The study helped us to formulate a number of design implications for the next generation of tools for visualizing discussions in OHCs. First of all, the study once again stressed the importance of designing tools that could be used by a variety of individuals regardless of their background, age, specifics of their disease, and computer literacy. Since these tools are likely to be used in an unsupervised fashion and without any possibility for training or instruction, they need to be intuitive and easy to learn. The study also generated a number of specific recommendations for features that could promote the two complementary ways of engaging with information.

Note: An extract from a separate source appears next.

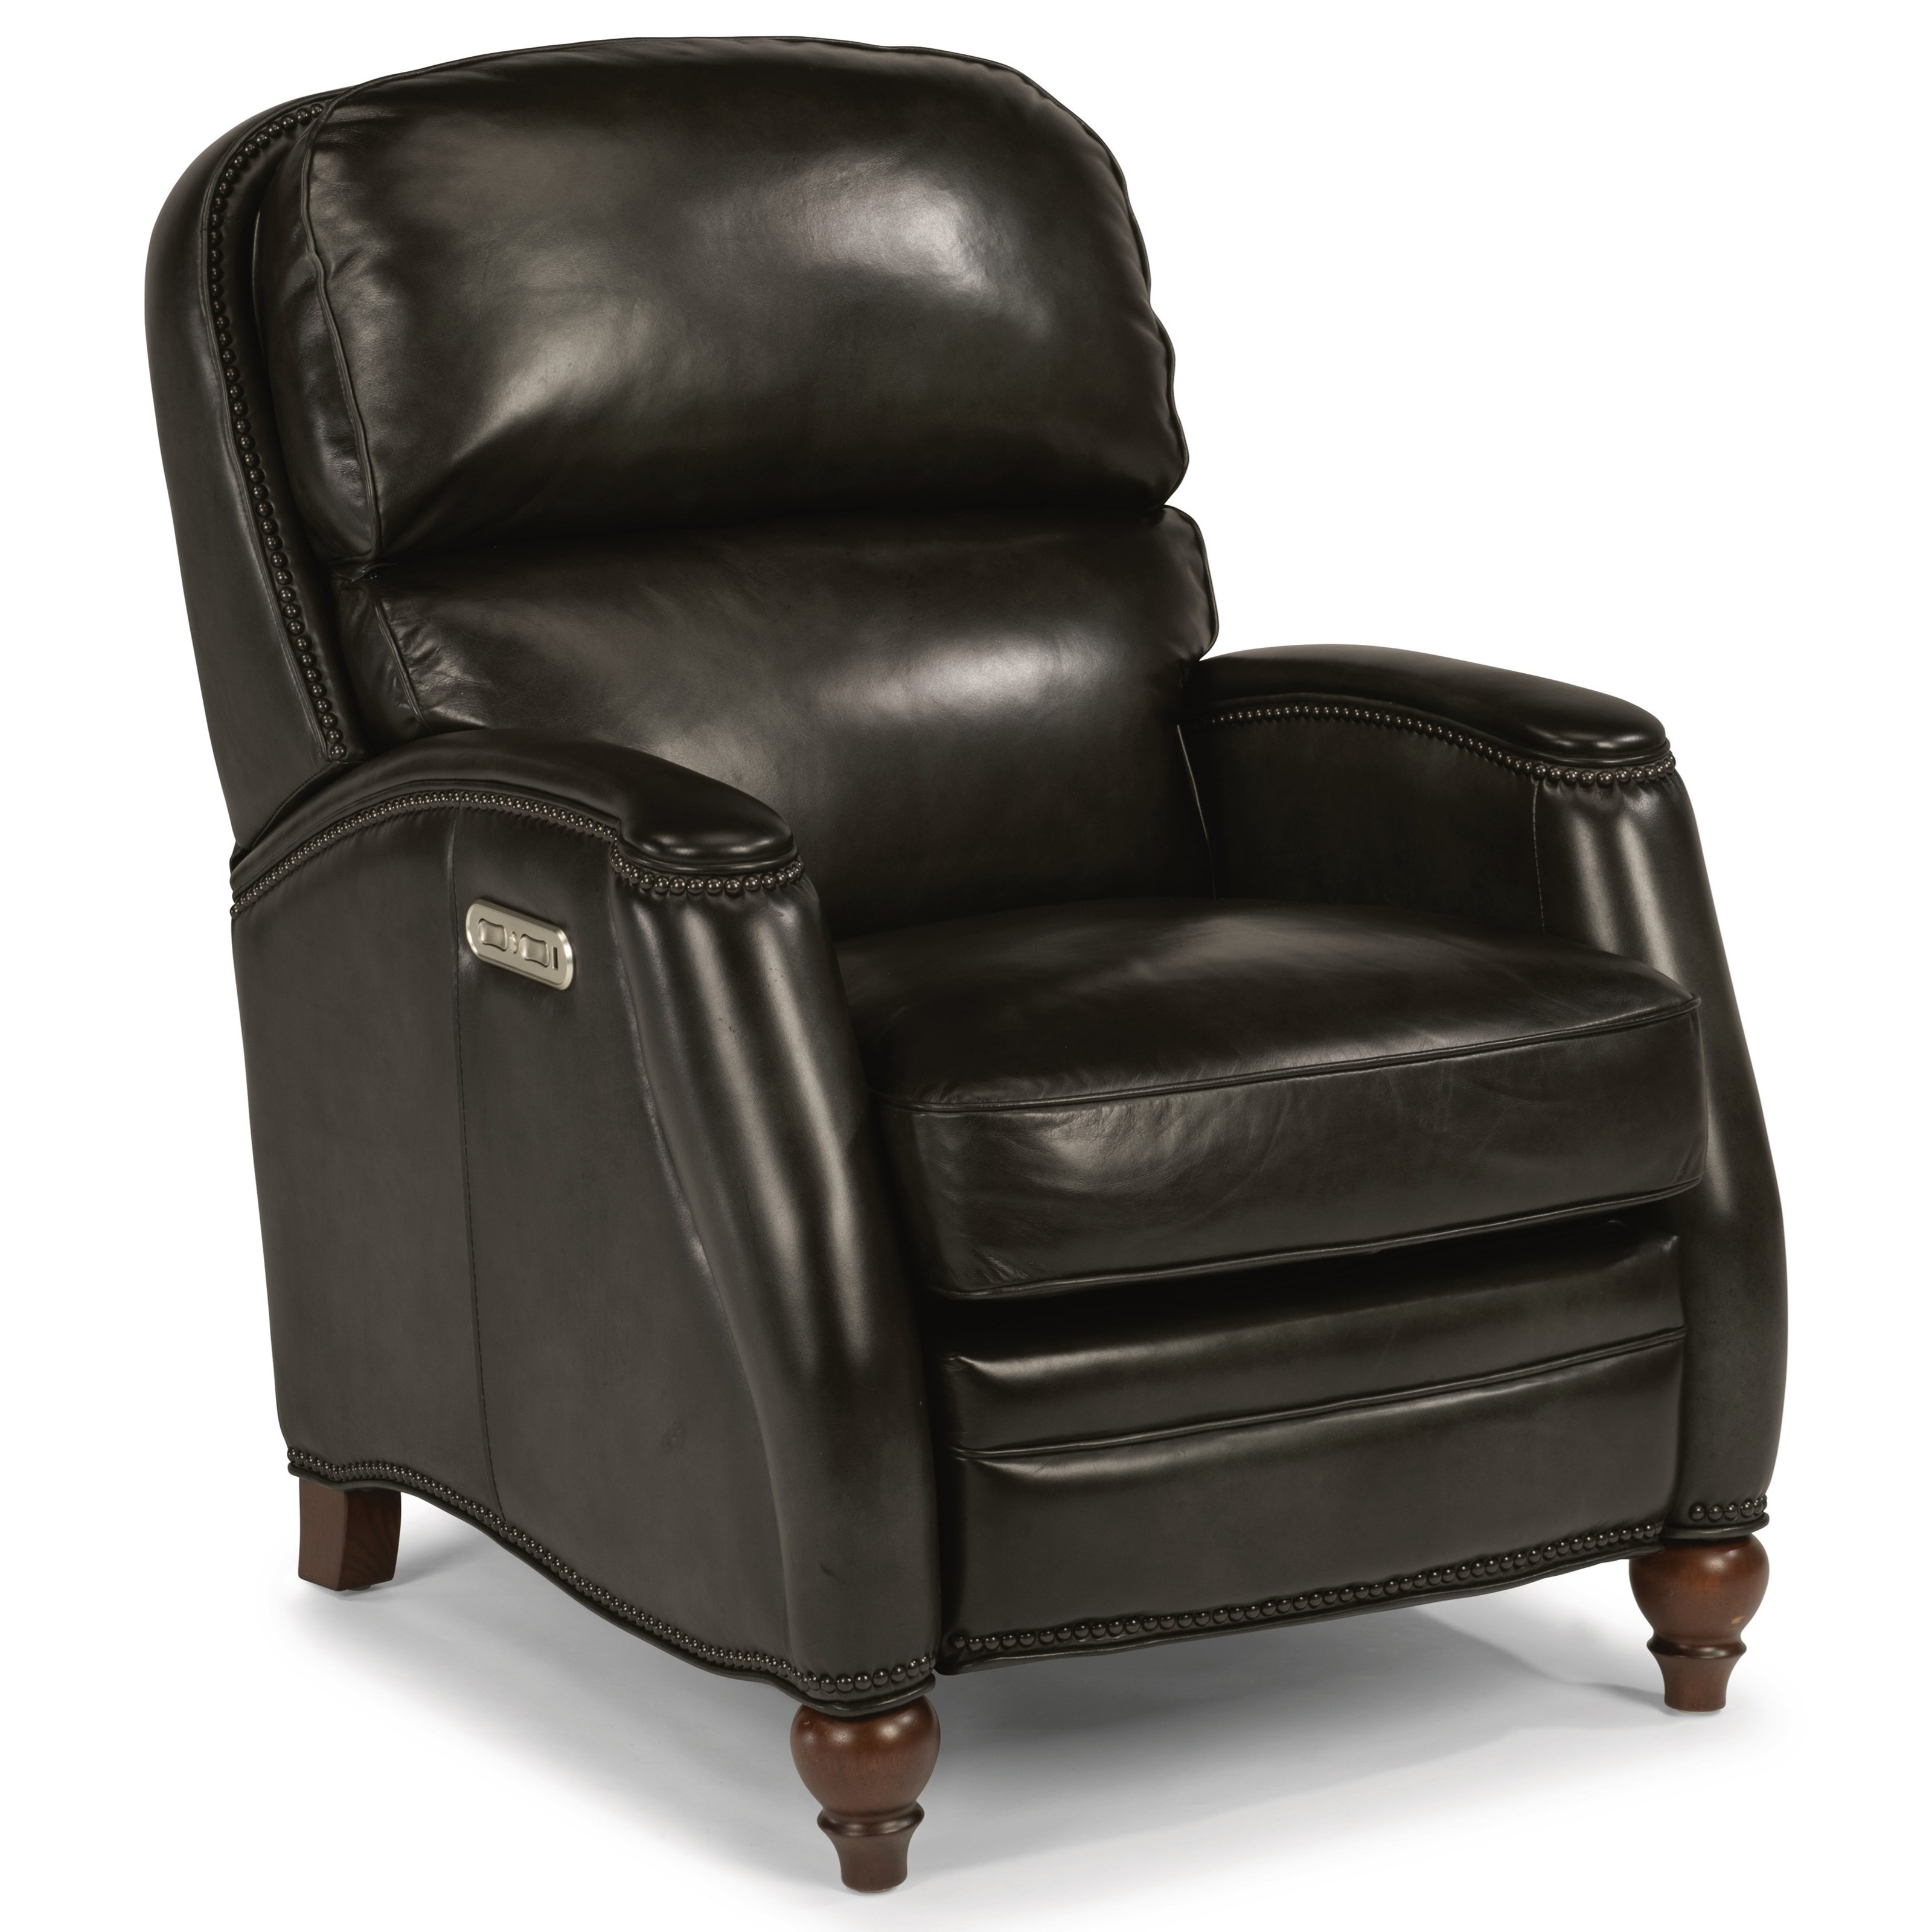 Flexsteel Electric Sofa: Everett Transitional Power High-Leg

First, regarding the browsing experience, the desired features included: 1) discussion summary (statistics); 2) larger context, including immediate access to relevant discussions; 3) capabilities to estimate and locate the overlap between the relevant discussions; and 4) keeping track of what was read and what is new. Second, regarding the focused information searching, the desired features included: 1) description of the discussion that distinguishes it from the others 2) building more complex queries to search a particular discussion and 3) computationally assisted ways to summarize different opinions within the discussion.

In addition, the study generated new design directions for helping individuals engage with user-generated content within OHCs. These include: a) identifying and highlighting relationships between different discussion threads, for example those that include similar topics and b) developing customizable mechanisms to summarize varying opinions on topics of interest. However, in regards to summarizing opinions, the participants lacked clear consensus on whether they were comfortable relying on computer-generated summaries or whether they preferred tools that helped humans to synthesize opinions in a more efficient way. This division is reminiscent of the long-standing argument about the comparative benefits of computational agents and information visualization displays with direct manipulation36. Just as this debate came to the conclusion that an ultimate solution requires a combination of both approaches, we suspect that future tools for supporting online discussion forums should incorporate both computational methods and information visualization techniques.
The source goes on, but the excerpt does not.